Das Jerusalem Quartet spielte Mozart, aber auch Janáček perfekt. Elisabeth Leonskaja nahm sich mit ihm bei Schumann Zeit für Rede und Gegenrede.
Großen Jubel gab es im Mozartsaal für das Jerusalem Quartet, das eines der führenden Quartett-Ensembles unserer Tage ist – und diesmal hellhörige Wiener Kammermusikfreunde überrascht haben dürfte.
Da ist einmal die unglaublich homogene Spielweise der vier. Ein Werk wie Mozarts G-Dur-Quartett (KV 378) aus der Reihe der Haydn-Quartette erklingt bei ihnen wie aus einem Guss, als ob sie am Beginn des Stirnsatzes mit einer Phrase anhöben, um diese nahtlos bis zum letzten Takt des Finales zu führen.
Derart weich ausbalancierte, in sich aber höchst lebendig modellierte Bögen können nicht viele Ensembles spannen. Hinzu kommt ein Perfektionsgrad in der Intonation, der freilich jede kleinste Trübung zum Nadelstich werden lässt. Im Licht der höchsten Klarheit wirft jeder minimal aus der Reihe tanzende Grashalm düstere Schatten.

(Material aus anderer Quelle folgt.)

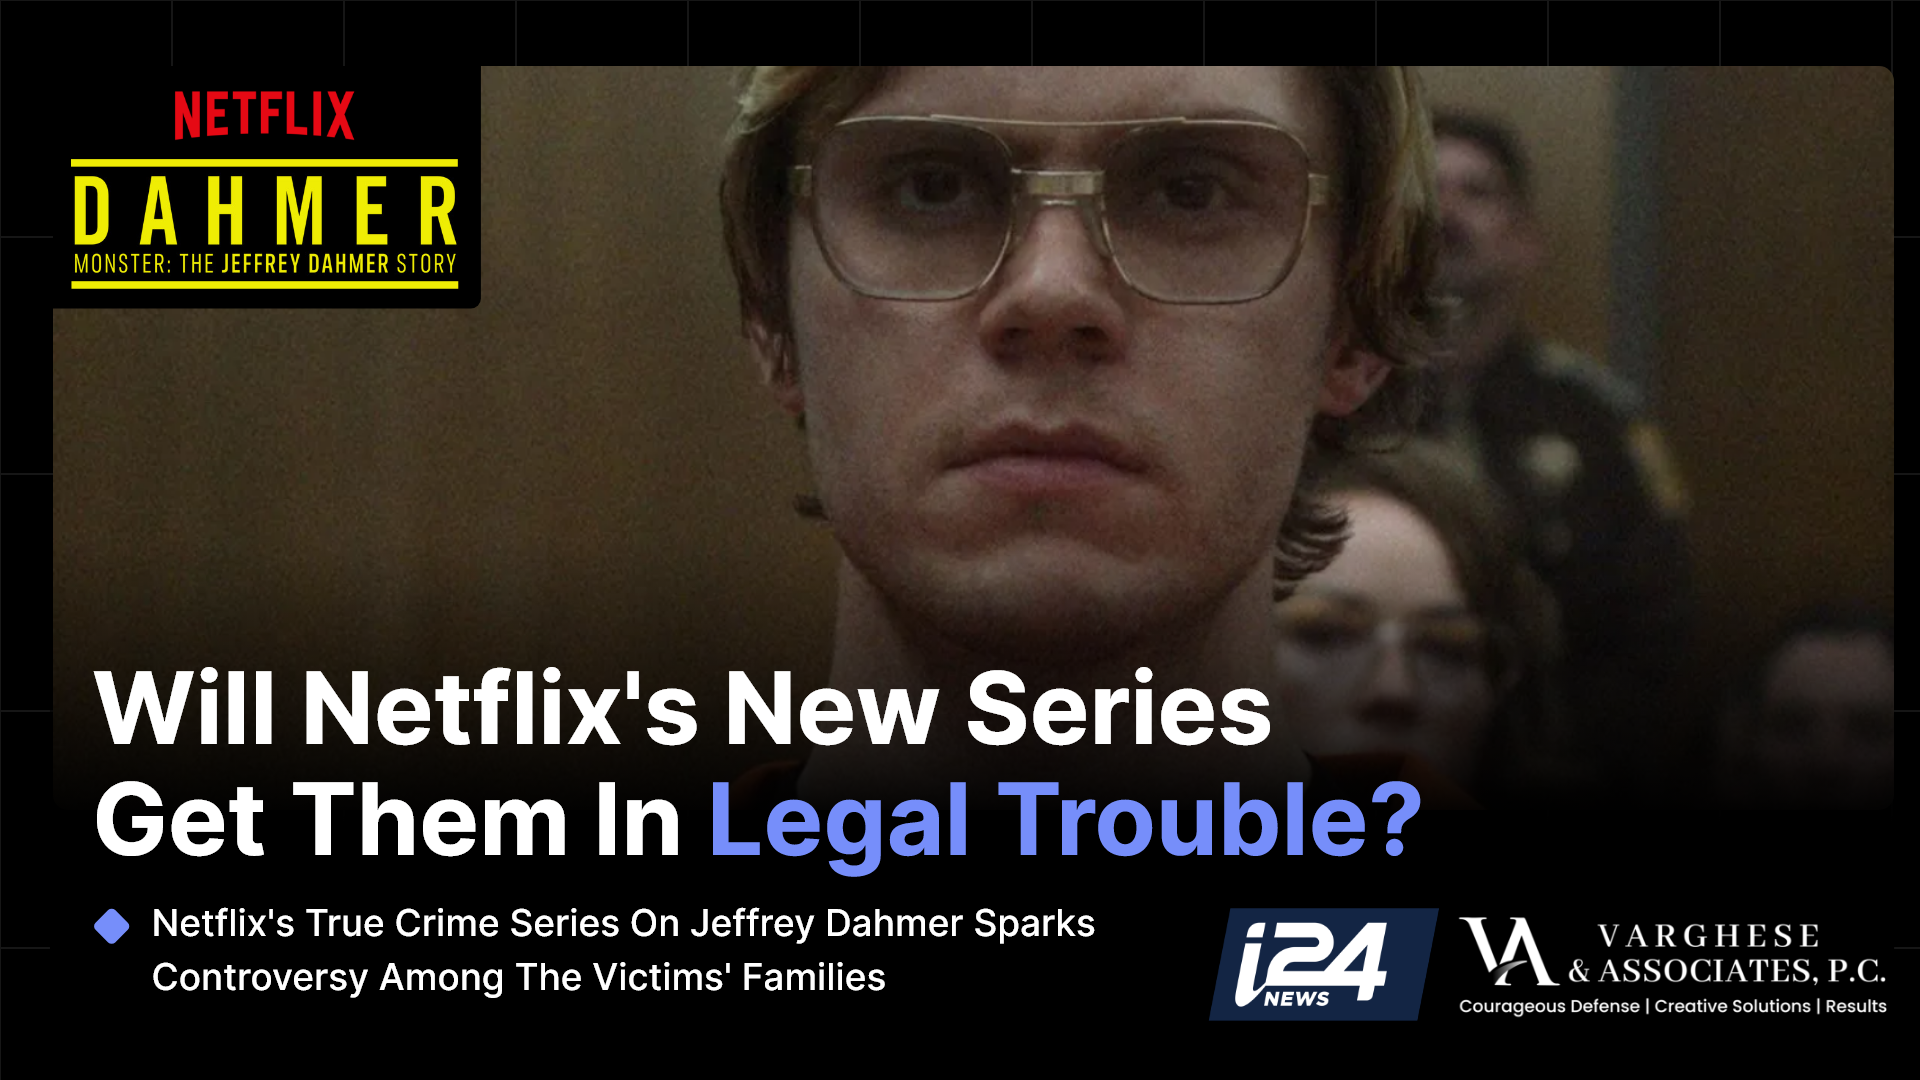 Vinoo Varghese on i24 Israeli News covering Netflix's controversial Jeffrey Dahmer series

Dann fragt sich, ob es so etwas wie eine instrumentale Gesanglichkeit geben kann. Mozart schreibt über sein Andante ausdrücklich „cantabile“ – und man fragt sich angesichts der makellosen Phrasen der Jerusalemer, ob sie je einen Ausflug in eine Oper gemacht haben, um Sängern zu lauschen, wie sie Mozart-Rezitative aus der Wortbedeutung heraus gestalten. Am Beginn der Durchführung im ersten Satz von KV 378 gibt es schon einen Moment, in dem ein solches „Rezitativ“ den zuvor brillant ungebremsten Ideenfluss zu bremsen scheint.

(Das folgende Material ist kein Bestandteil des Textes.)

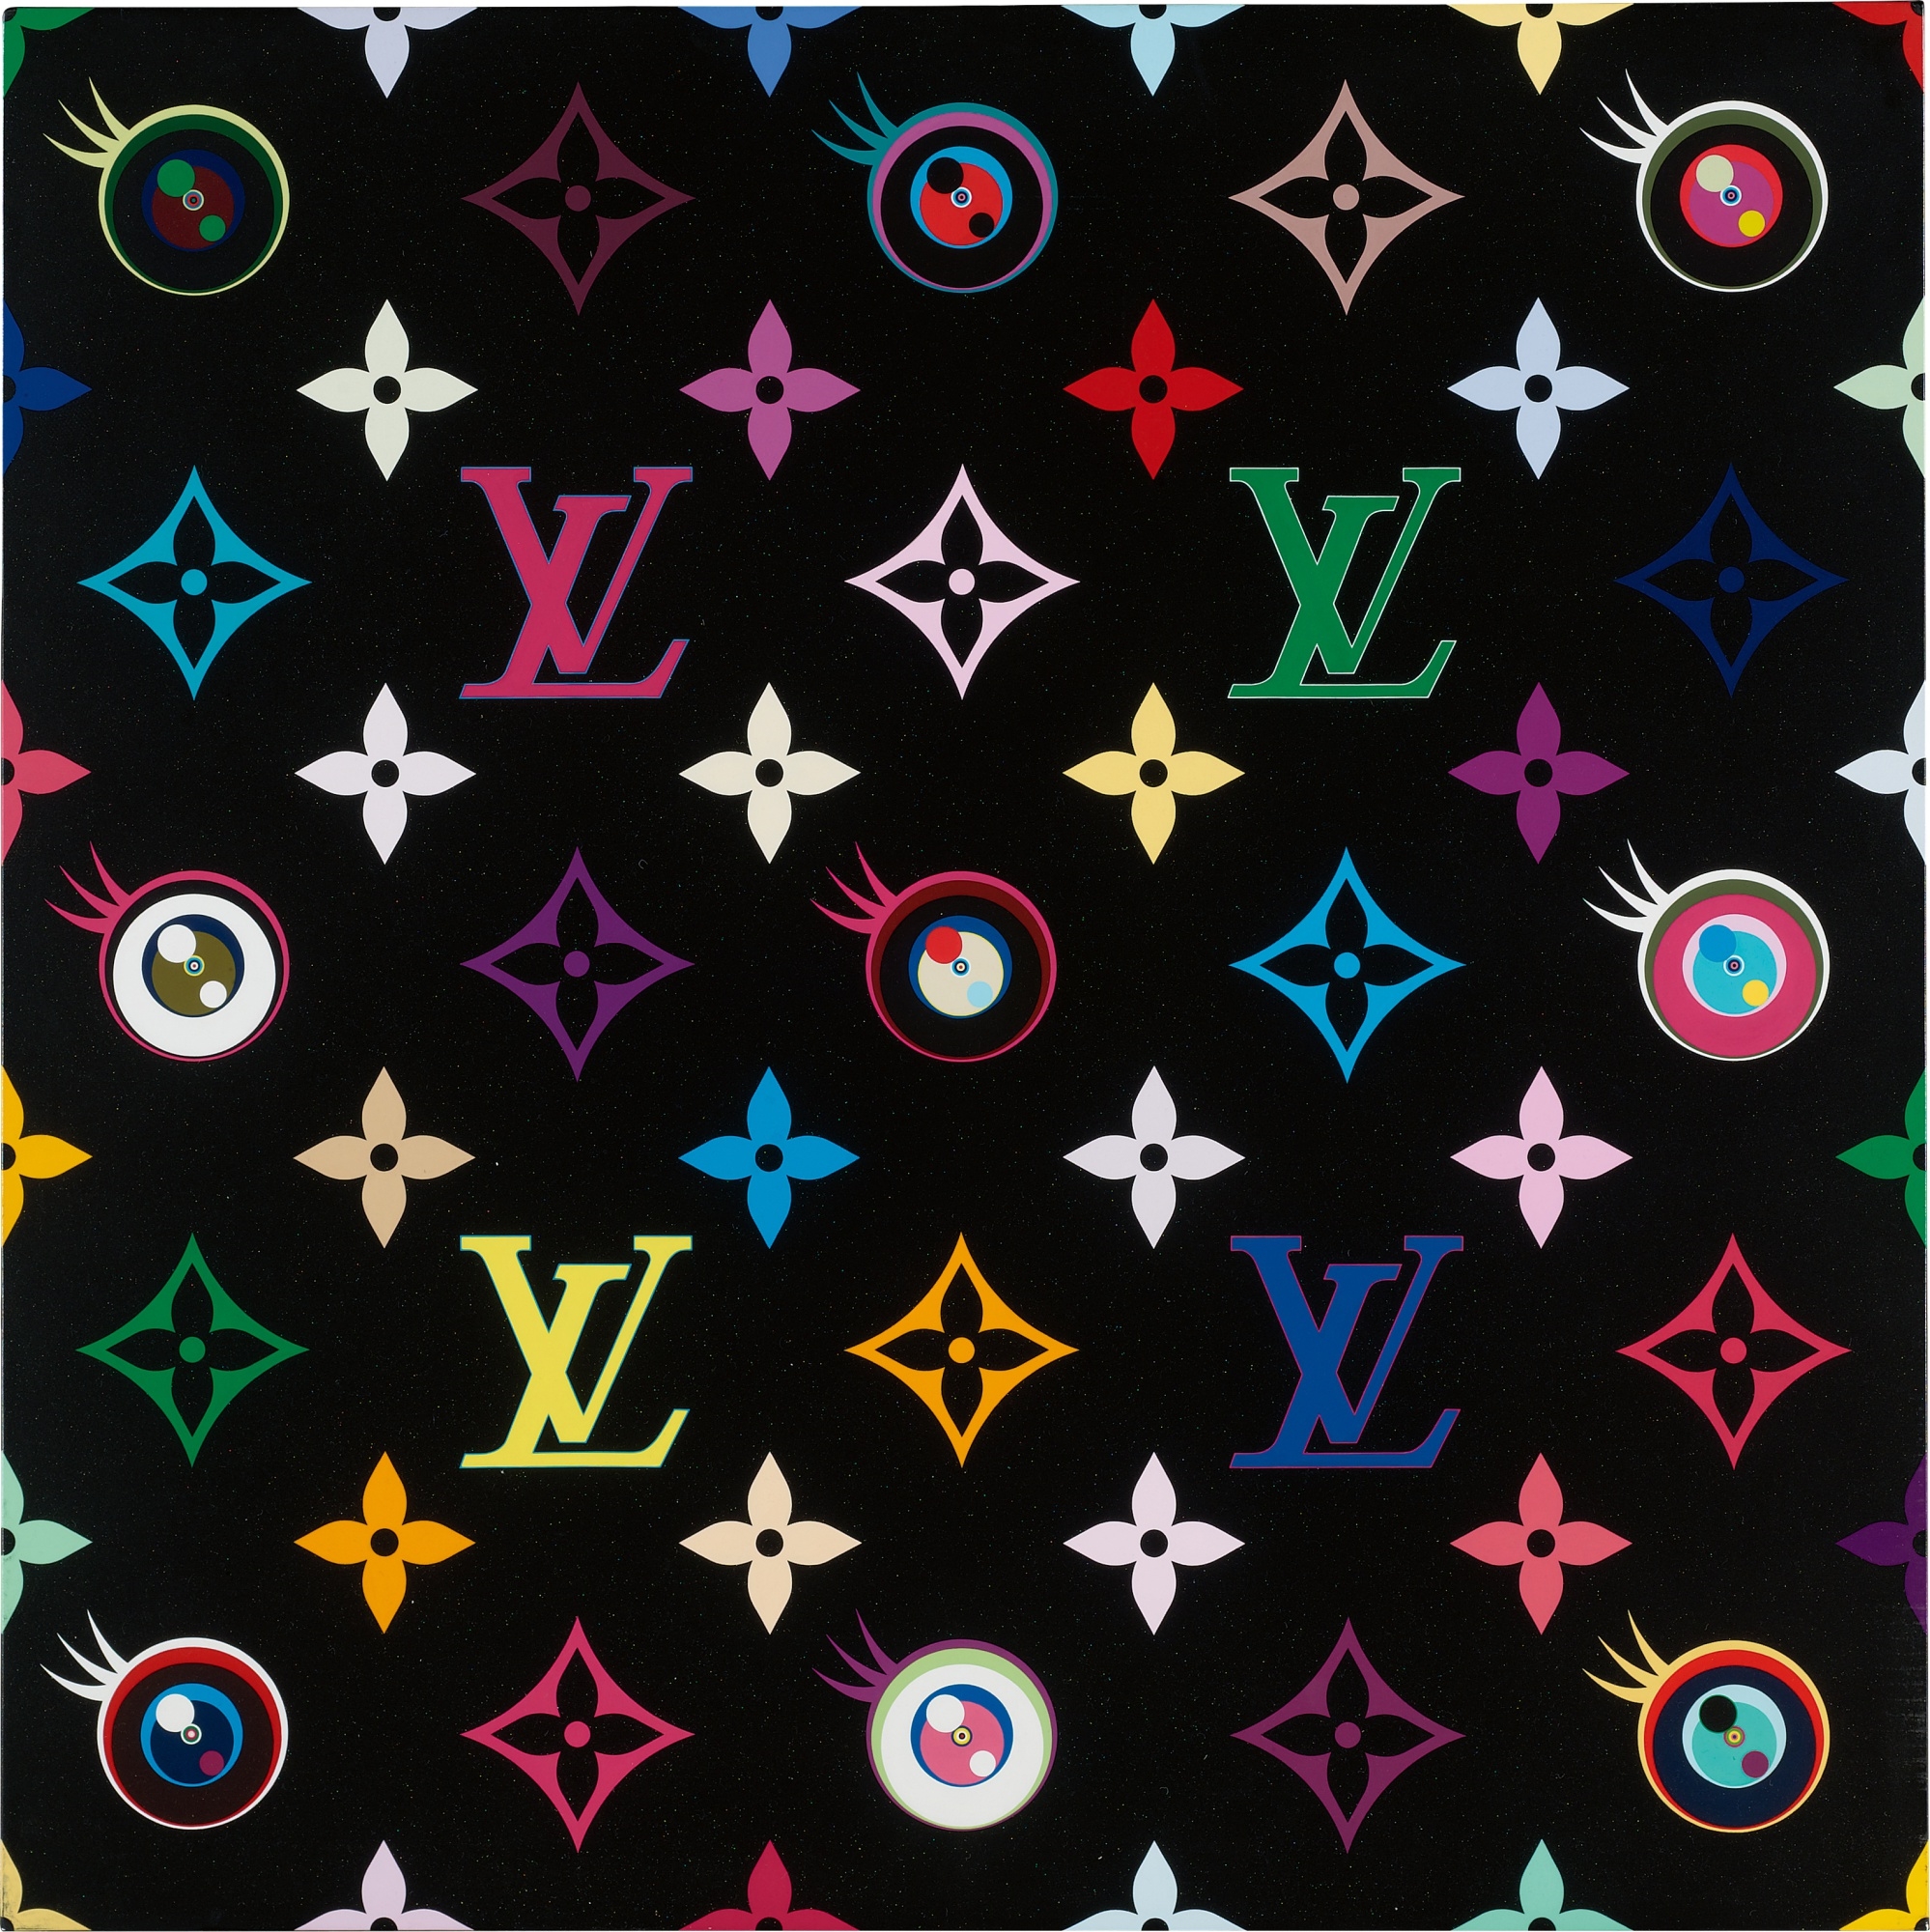 Eye Love SUPERFLAT, Takashi Murakami : Auction Prices & Indices

Virtuose Geiger, ruhiges Klavier
Dieser Moment hat bei den vieren gar nichts Dramatisches. Er scheint sich ganz mathematisch klar aus der Umsetzung der instrumentalen Vorgaben zu ergeben. Interessanterweise nimmt sich auch ein aufwühlendes Werk wie Janáčeks Zweites Streichquartett im bis in die höchsten Lagen der Primgeige perfekten Spiel des Jerusalem Quartets eher als virtuoses Spiel mit kühnen thematischen Verknüpfungen aus als wie eine persönlich bewegende Rezitation „Intimer Briefe“, von der Janáčeks Untertitel kündet.
Nach der Pause aber Elisabeth Leonskaja und eine vom ersten Takt des Schumann-Klavierquintetts an völlig umgewertete Herangehensweise an den Notentext: Bei Passagen, die von den vier Streichern nach den Erfahrungen im ersten Konzertteil gewiss in einem großen Atemzug abgewickelt worden wären, nimmt sich die Pianistin Zeit, um Rede und Gegenrede ruhevoll abzuwägen. Zwei Welten prallten da aufeinander – derlei Konfrontationen zählen nicht zum Schlechtesten, das die Kunstwelt zu bieten hat: Musiker wie Hörer beginnen dann vielleicht übers Musizieren und übers Zuhören nachzudenken; und wie relativ manchmal alles sein kann, Präzision, Zusammenspiel – Musiker wussten das ja bekanntlich lang vor Albert Einstein...
Als Zuwaag' gab's dann nach lautem Applaus noch die Dumka aus Antonín Dvořáks Klavierquintett; da geht jedem Konzertbesucher ja spätestens beim Eintritt des Seitenthemas das Herz auf; gleich wie genau die Dinge vermessen worden sein mögen.